Unbounded illusions in Ho Chi Minh’s leadership were inspired for years by Mike Banda, second-in-command to ICFI leader Gerry Healy, who claimed that a revolutionary party (i.e. the VCP) inspired General Giap’s ‘People’s War’; that this party was ‘derived from the example of Lenin’s Bolshevik Party after it had been frightfully mutilated by Stalin.’ Here again was the idea the somehow the ‘frightful mutilations’ of Stalinism could be spontaneously overcome, so that the Vietnamese struggle was ‘the struggle of an entire class and its leading organs to assimilate and apply revolutionary theory and enrich revolutionary practice’. (Fourth International, February 1968, p. 3 – these quotations appeared in an editorial, but the next issue carried a note to the effect that they were Banda’s personal opinions).

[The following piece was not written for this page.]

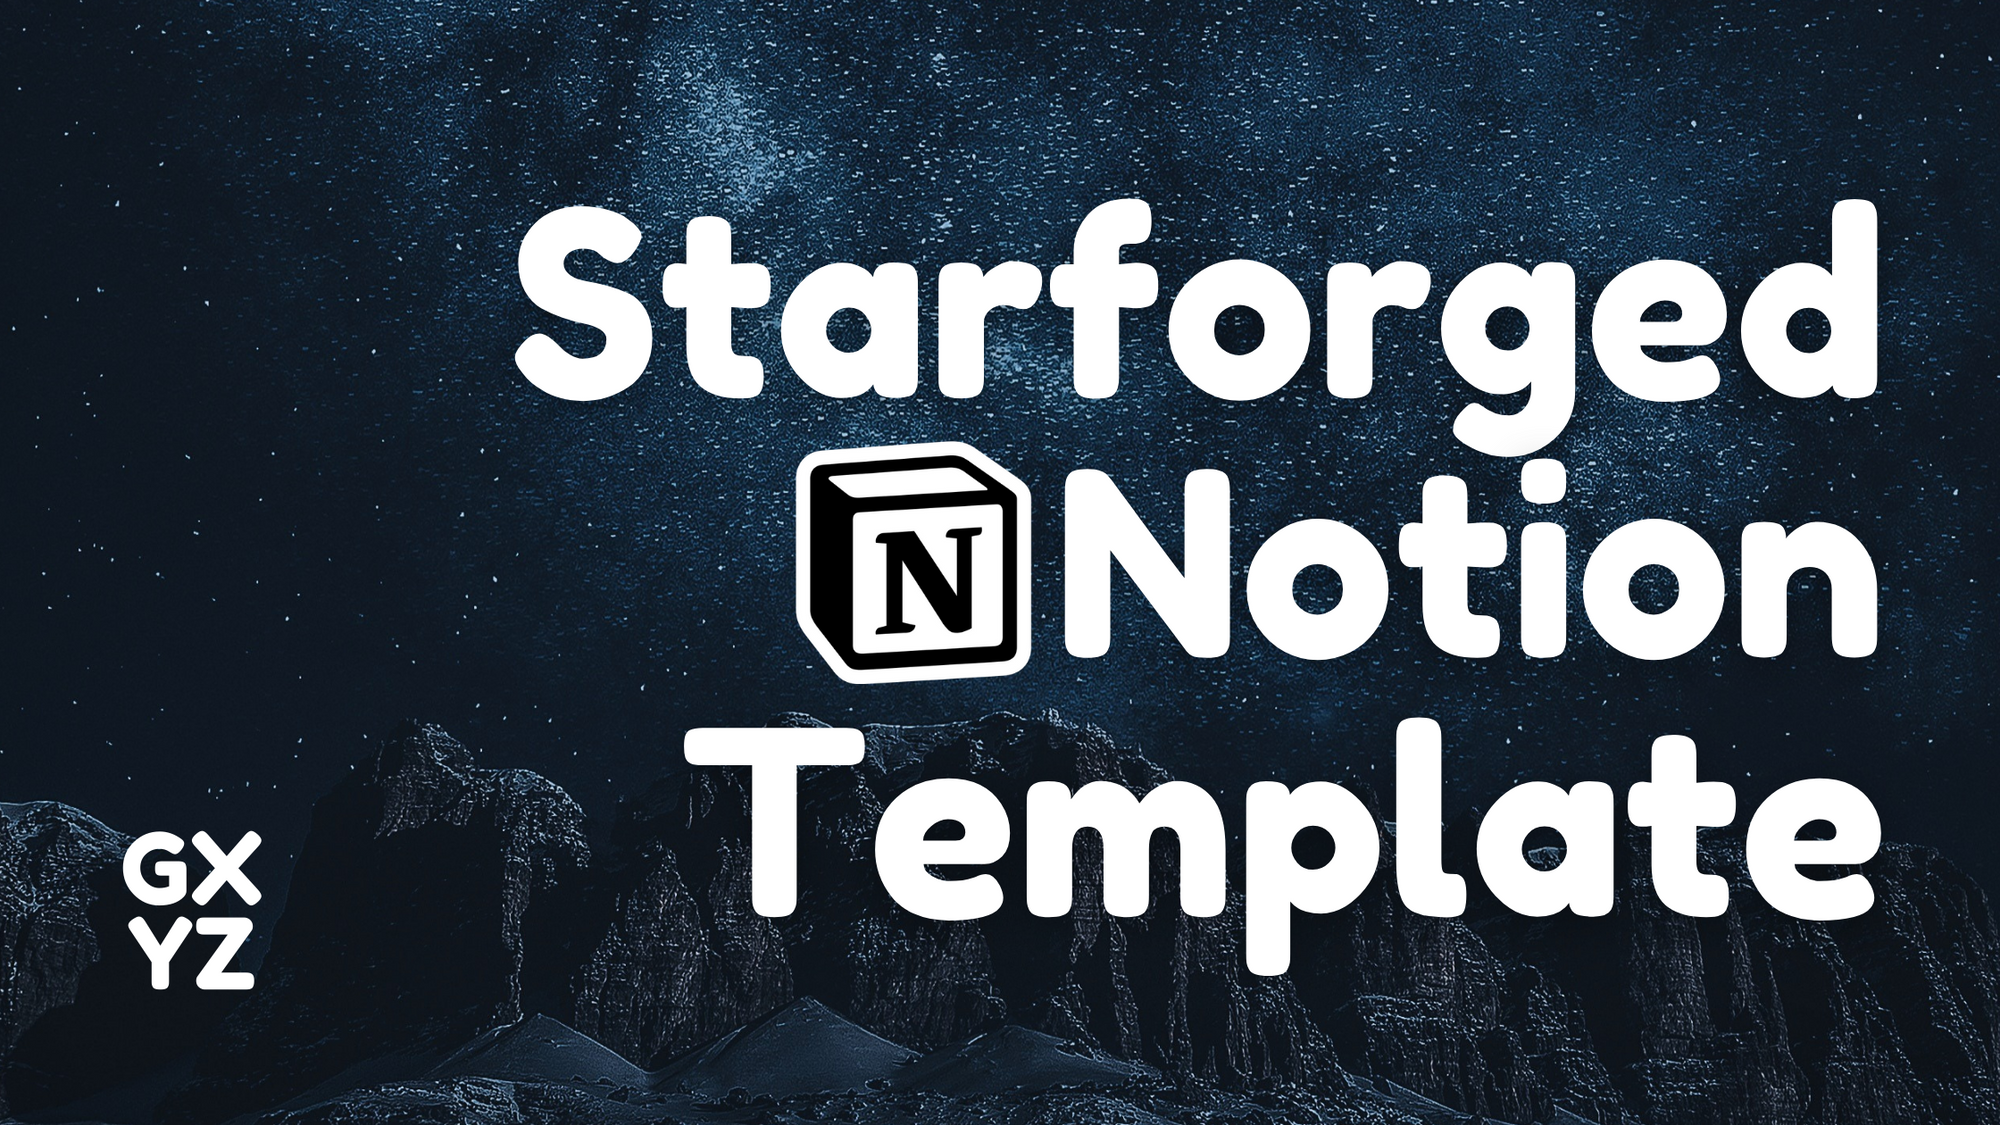 Starforged Notion Template

The most lavish praise of all for the VCP came from the Workers League (US), who now laughably claim to be ‘defending the heritage’ of Trotskyism. Their book, Vietnam and the World Revolution by Martin McLaughlin, never once defines the role of the VCP in class terms, only emphasising their ‘revolutionary’ qualities, claiming not only that the VCP ‘continually resisted the dictates of the Stalinist bureaucracy in Moscow and Peking’, but also that it was ‘always guided by a conception of the world struggle against imperialism’. (Vietnam and the World Revolution, p. 141).

McLaughlin uses an incredible sleight-of-hand to associate the Stalinist Ho Chi Minh with Trotsky: after quoting Ho’s testament – which states that the re-unification of the Vietnamese ‘Fatherland’ will be ‘a worthy contribution to the world national liberation movement’ – McLaughlin claims that: ‘this expresses a profound truth, Vietnam was the most powerful confirmation of Trotsky’s perspective of the Permanent Revolution . . . (ibid, p. 144). According to McLaughlin, objective events (the Vietnamese revolution) magically induce subjective changes (the Stalinist leader Ho ‘expressing a profound truth’), rather than being mirrored by them in the indirect and complex way that happens in real life.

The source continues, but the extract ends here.